Отмечая, что большинство покончивших с собой студентов пришли прямо из деревни, Трощенко подробно останавливалась на специфических трудностях, с которыми сталкивались сельские жители в своей попытке приспособиться к лихорадочному ритму занятий. «Крестьянская учащаяся молодежь, вернее – известная наименее устойчивая ее часть… не будучи подвержена, быть может, особому, более основательному воздействию со стороны коллектива партийного или комсомольского, оставленная без внимания в политической своей неграмотности, очень легко поддается индивидуалистическим настроениям, очень легко превращается, так сказать, в люмпен-интеллигентов» [1586]. Когда мы обсуждаем склонных к самоубийству крестьянских студентов, вторил другой моралист, мы говорим об «ушедших от своей социальной среды, пошедших к пролетариату, но к нему не дошедших, завязших на беспутьи» [1587].
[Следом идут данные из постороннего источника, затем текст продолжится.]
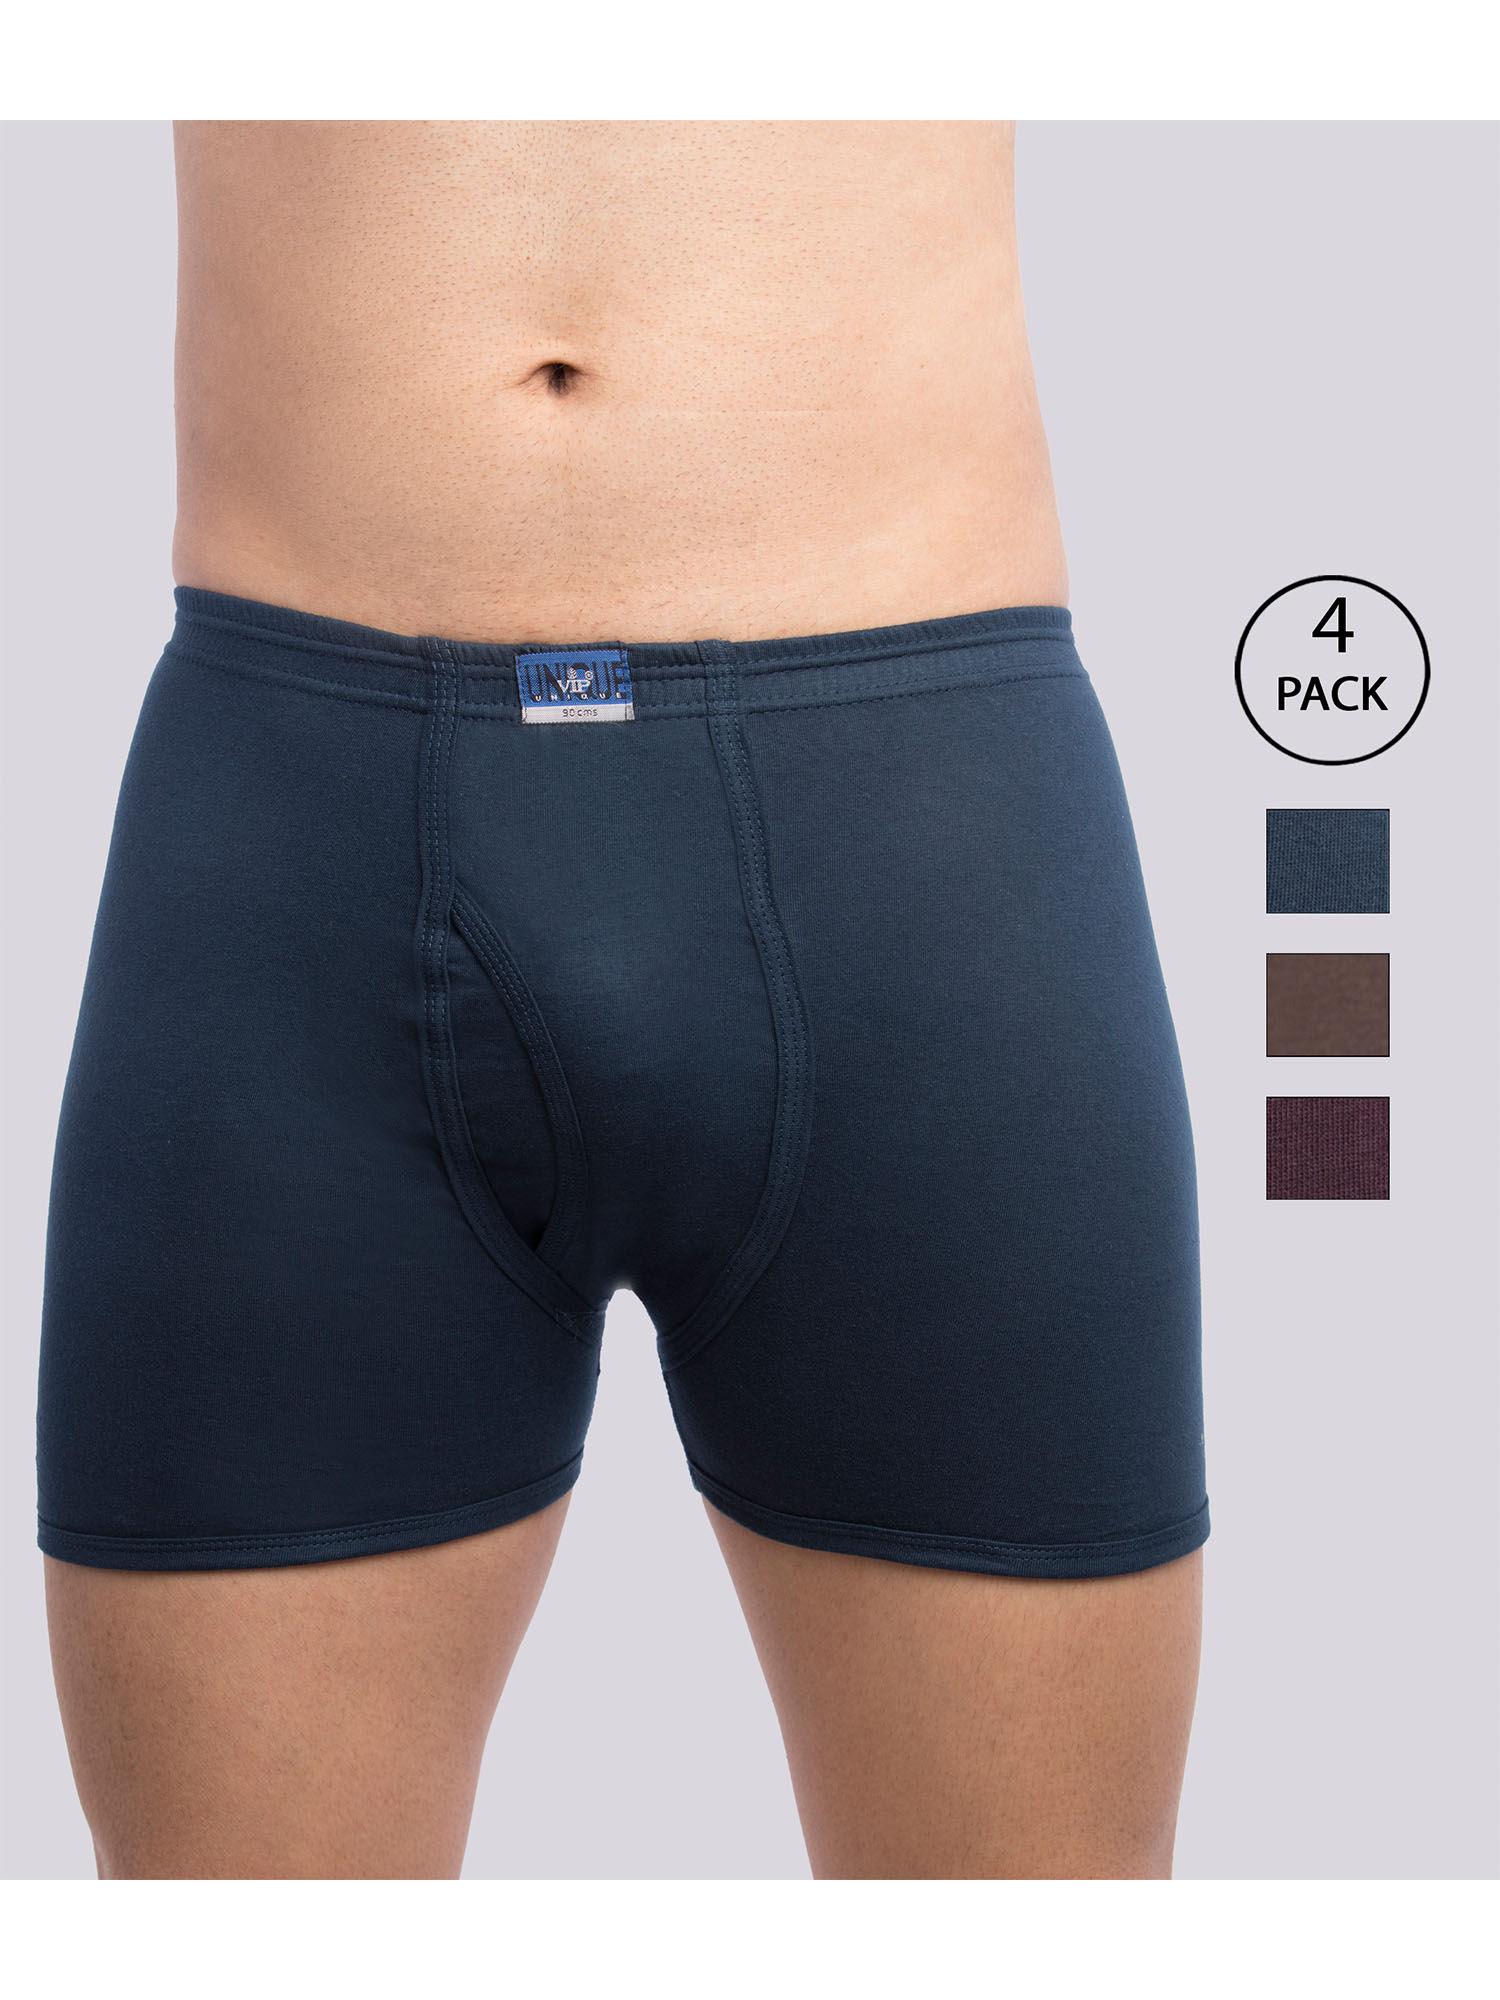 unique men's snug fit cotton trunks in assorted colors (pack of 4)

Однако не все крестьяне вызывали сочувствие. Отдельные моралисты считали, что причины антиобщественного поведения Тани следует искать в отрицательных пережитках ее крестьянского происхождения. Некоторые студенты из крестьян являлись мелкобуржуазными собственниками с несомненно анархистскими настроениями [1588]. Контраст между двумя протагонистами крестьянского происхождения в повести подкрепляет эту позицию: Петр, сын батрака, вполне чист и сознателен, тогда как Таня уступает кулацкой жилке в своем характере. Процитируем еще раз Макарова: «…„церковничающая“ сельская психология находит себе иногда путь совершенно не по адресу в молодые головы, пламенеющие революционным порывом, уже вдохновленные живою струей коммунизма, но все еще по одному своему возрасту, по своим переживаниям военно-революционного времени, по своей „физиологии“, скажем попросту, склонные к шатаниям, к противоречиям» [1589].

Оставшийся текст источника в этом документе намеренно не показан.